CoT
Chain-of-Thought Faithfulness
Chain-of-Thought
Assessing whether a model's generated chain-of-thought reflects its true internal decision process (faithful) rather than being a post‑hoc, plausibly sounding rationale that does not causally drive the model's output.
CoT Faithfulness is the criterion that a Chain-of-Thought (CoT) explanation produced by an AI model is causally and representationally aligned with the computations the model actually performed to arrive at its final answer, not merely a fluent or persuasive narrative that could have been produced independently of the internal decision path. For experts, this concept separates two classes of generated rationales: faithful traces that correspond to internal activation patterns, intermediate latent variables, or computations that materially influenced the chosen output, and plausible but unfaithful rationales that are post‑hoc reconstructions (or hallucinated narratives) which may correlate with the answer but do not reflect the model’s causal reasoning. Measuring and improving CoT Faithfulness is central to interpretability, verification, and alignment work in AI: it informs whether humans can reliably inspect, debug, or rely on model reasoning, and whether supervision or constraints on reasoning traces (e.g., supervised CoT datasets, causal mediation analysis, intervention-based tests, token‑level attribution, sufficiency/comprehensiveness metrics, and probing of attention/gradient signals) actually change the underlying computation versus only influencing surface outputs.

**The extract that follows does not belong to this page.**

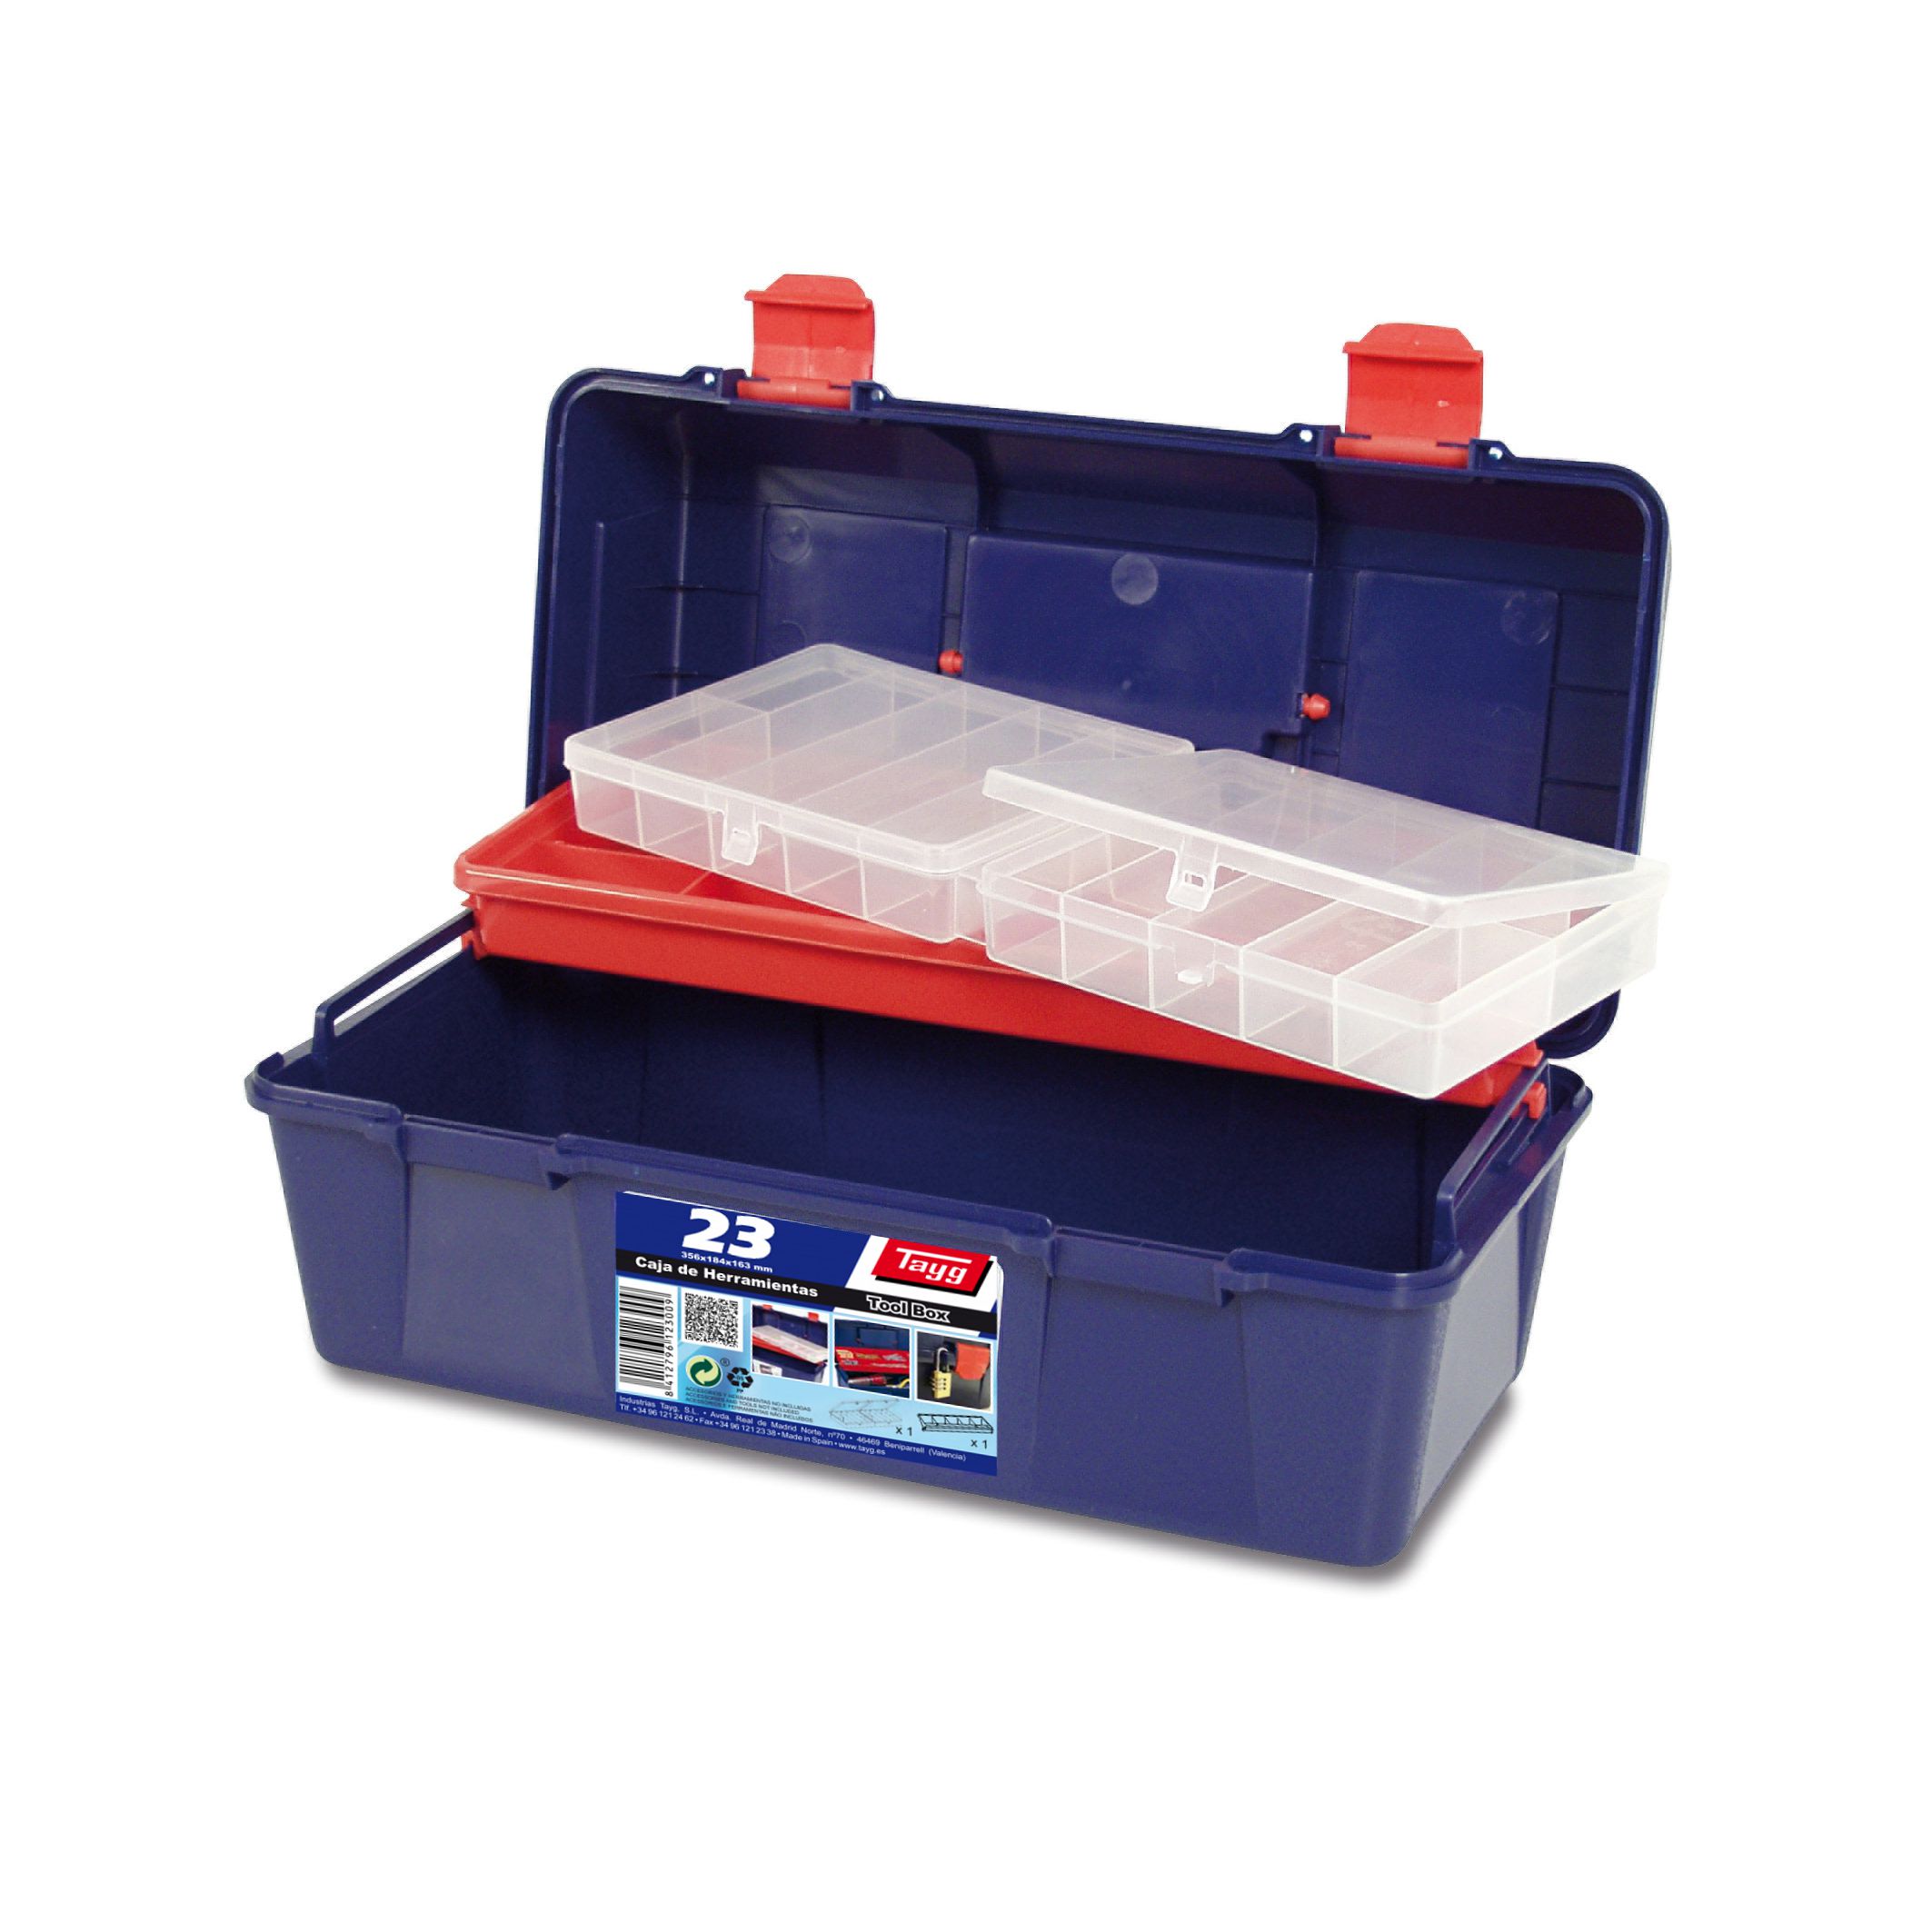 Ящик пластиковий для інструментів Tayg Box 23 Caja htas, з 2 органайзерами, 35,6х18,4х16,3 см, синій (123009) - фото 5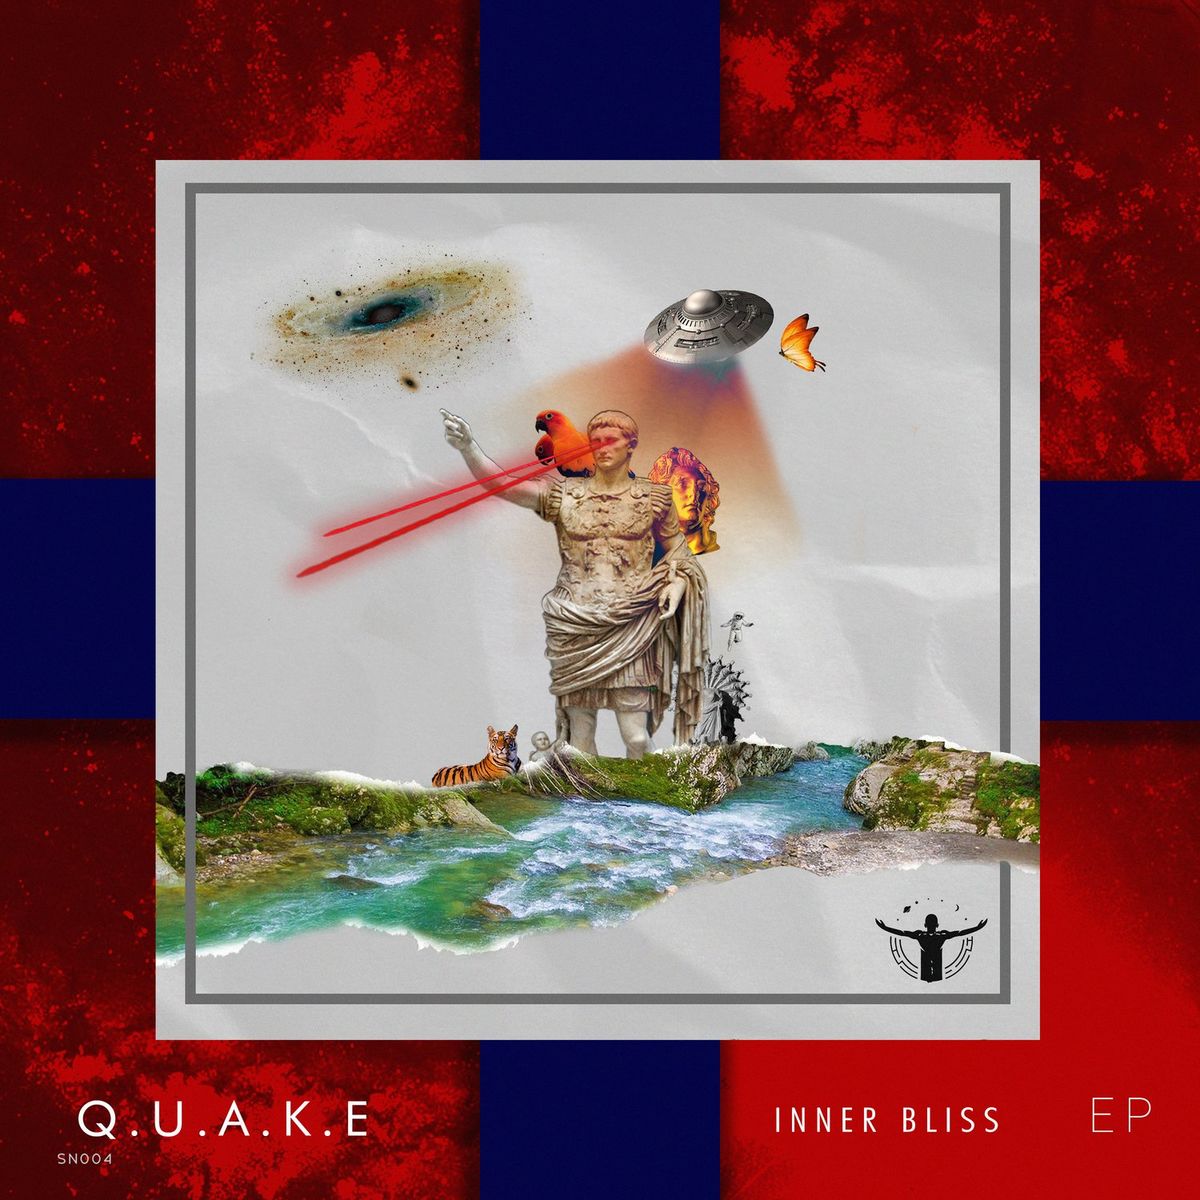 Q.U.A.K.E - Inner Bliss EP [SN004]

Practical approaches include designing interventions that flip internal activations or outputs while observing corresponding changes in generated chains, training on ground‑truth reasoning traces when available, using modular or latent‑variable architectures that expose internal steps, and developing evaluation suites that test whether intervening on a claimed step alters the final prediction; limitations include ambiguous definitions of faithfulness, difficulty in accessing or interpreting latent computations in very large models, and potential trade-offs between faithfulness, performance, and fluency.
First used: around 2022–2023 with the rise of Chain‑of‑Thought prompting; Popularized: 2023–2024 as empirical papers and critique analyses highlighted discrepancies between CoT outputs and models' internal computations.